Problem
LLM apps assume you have a smartphone, a browser, and reliable bandwidth. In a lot of the world, none of that is true.
SMSAI started from a simple question: what if the only thing a user has is a basic phone and SMS? Could you still give them useful AI — search, translation, summarization, agriculture/health Q&A — through the most universal channel that exists?
Constraints
- Channel limits. SMS is 160 chars per segment. The product had to feel useful within 1–3 segments.
- Latency. Carriers will retry. The whole round-trip — user → carrier → API → LLM → reply — had to feel snappy.
- Cost. Every message has a real per-unit cost. The architecture had to make cost predictable, not "depends on the prompt."
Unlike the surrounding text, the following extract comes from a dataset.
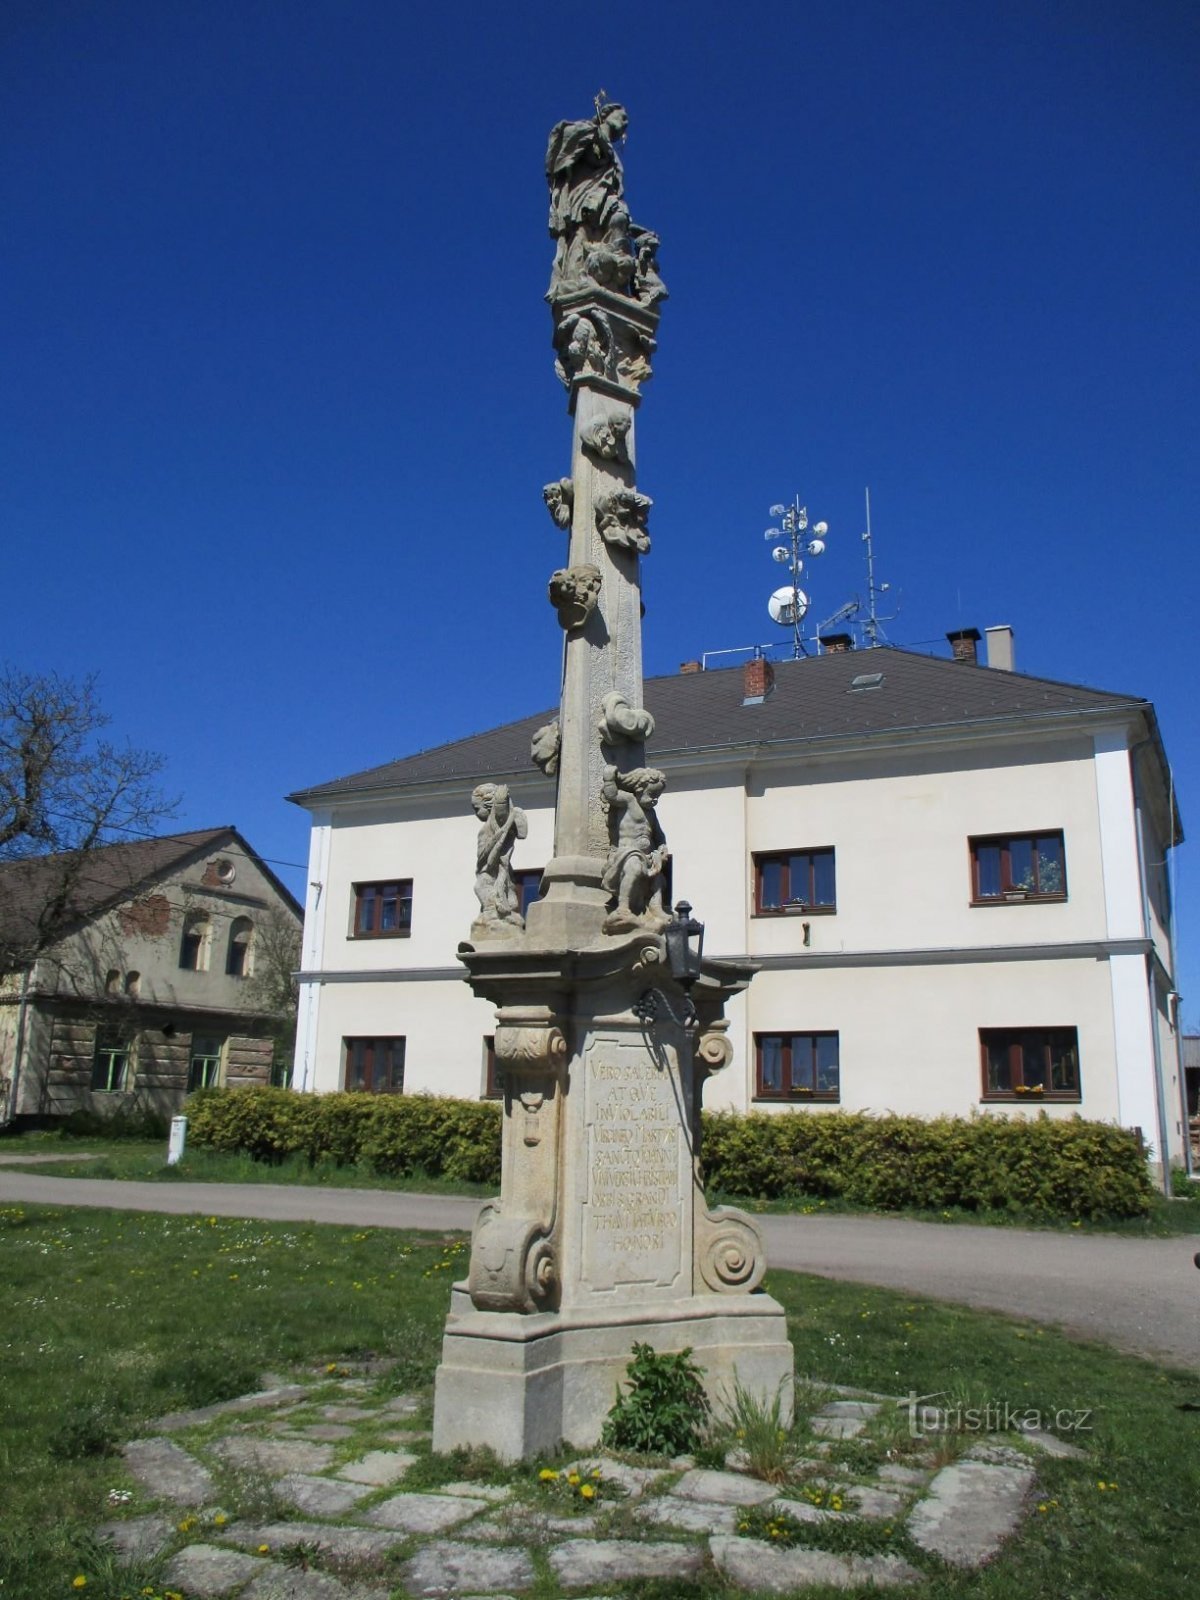 Uma coluna com uma estátua de St. João de Nepomuck (Chotěborky, 20.4.2020 de abril de XNUMX)
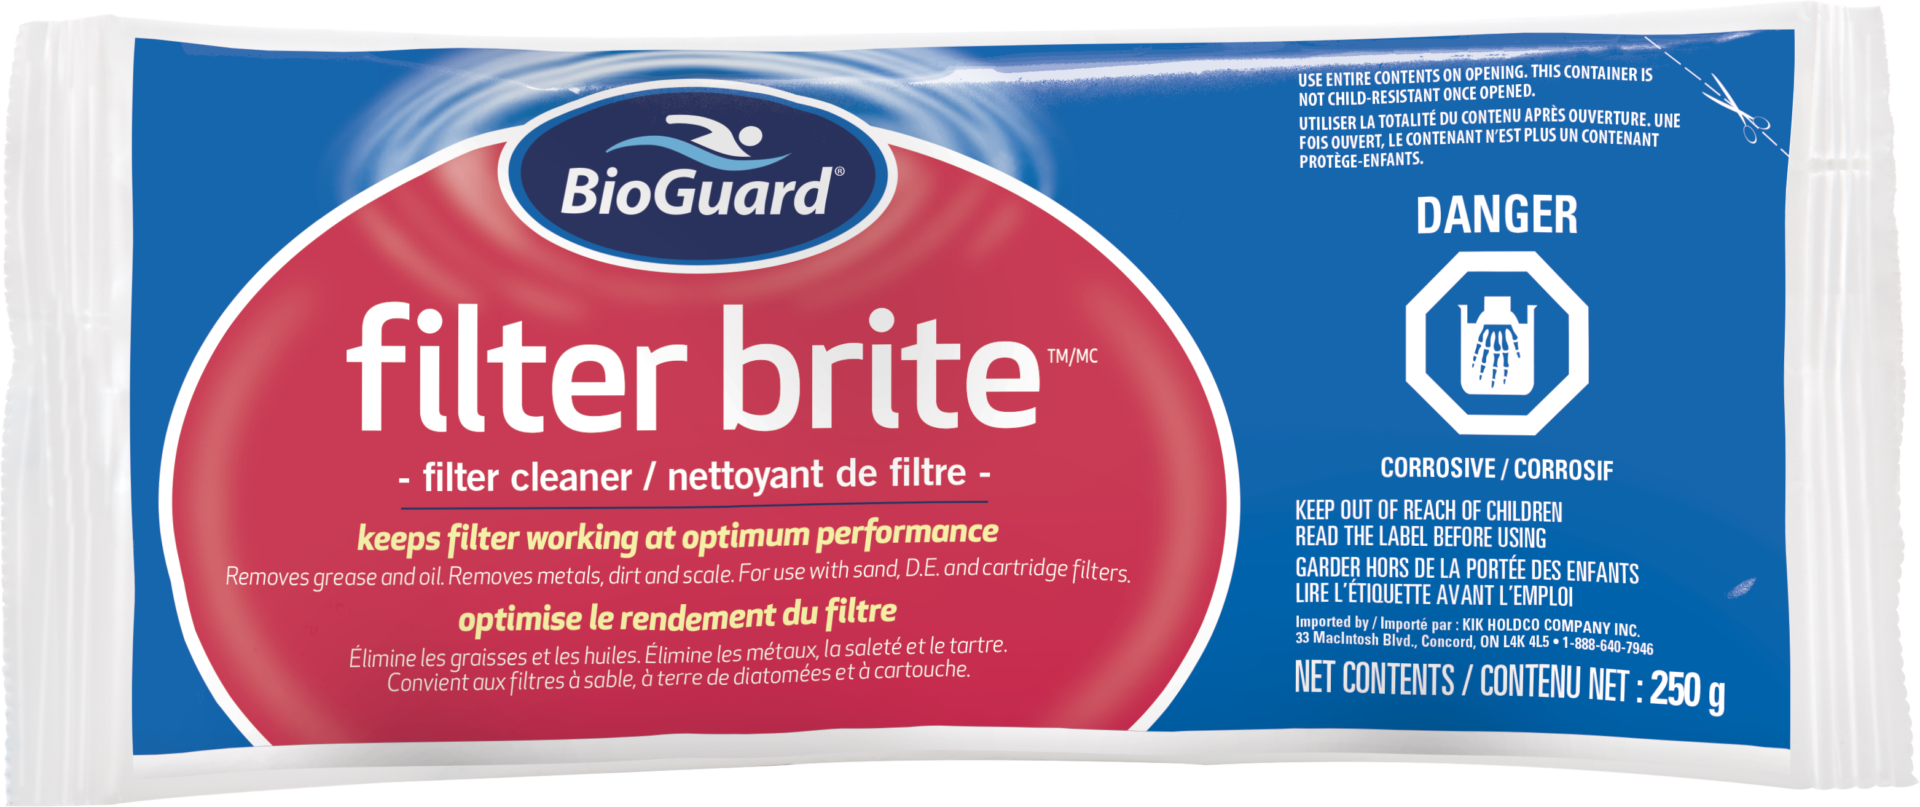 BioGuard Filter Brite 250g - BioGuard Filter Brite 250g

- Reliability over magic. Better a slightly simpler answer that always arrives than a brilliant one that fails 5% of the time.
My role
End-to-end engineer. Designed the API and data model, built the FastAPI backend and React admin, integrated the LLM provider, wired up Twilio + AWS, set up CI/CD.
Architecture
┌────────┐ SMS ┌─────────┐ HTTPS ┌──────────────┐
│ Phone │──────────▶│ Twilio │─────────▶│ API Gateway │
└────────┘ └─────────┘ │ + Lambda │
│ (FastAPI) │
└──────┬───────┘
│
┌──────────────────────┼──────────────────────┐
▼ ▼ ▼
┌──────────────┐ ┌────────────┐ ┌──────────────┐
│ DynamoDB │ │ LLM API │ │ S3 (logs / │
│ (sessions, │ │ + tools │ │ audits) │
│ rate limits)│ └────────────┘ └──────────────┘
└──────────────┘Two big simplifications that made everything else easier:
- DynamoDB single-table design. One table, three access patterns: by phone, by session, by date. No relational joins, no schema migrations.
- FastAPI behind API Gateway + Lambda. Pay per request, autoscale to zero overnight, no servers to babysit.
A small React app handles ops: live message queue, error logs, prompt/tool versioning, per-user spend caps.
Key decisions
1. Treat the LLM as untrusted
The LLM is a remote API that can be slow, flaky, or expensive. Everything around it is built to compensate:
- Hard timeouts on every call
- Cached canned responses for the top intents (greeting, help, language switch)
- A "router" before the LLM so simple intents skip the model entirely
- Per-user rate limits stored in DynamoDB with TTL
The router alone took the LLM call rate down by ~35% in early testing.
2. SMS-aware prompting
SYSTEM = """You answer over SMS. Reply in <=2 messages of 160 chars.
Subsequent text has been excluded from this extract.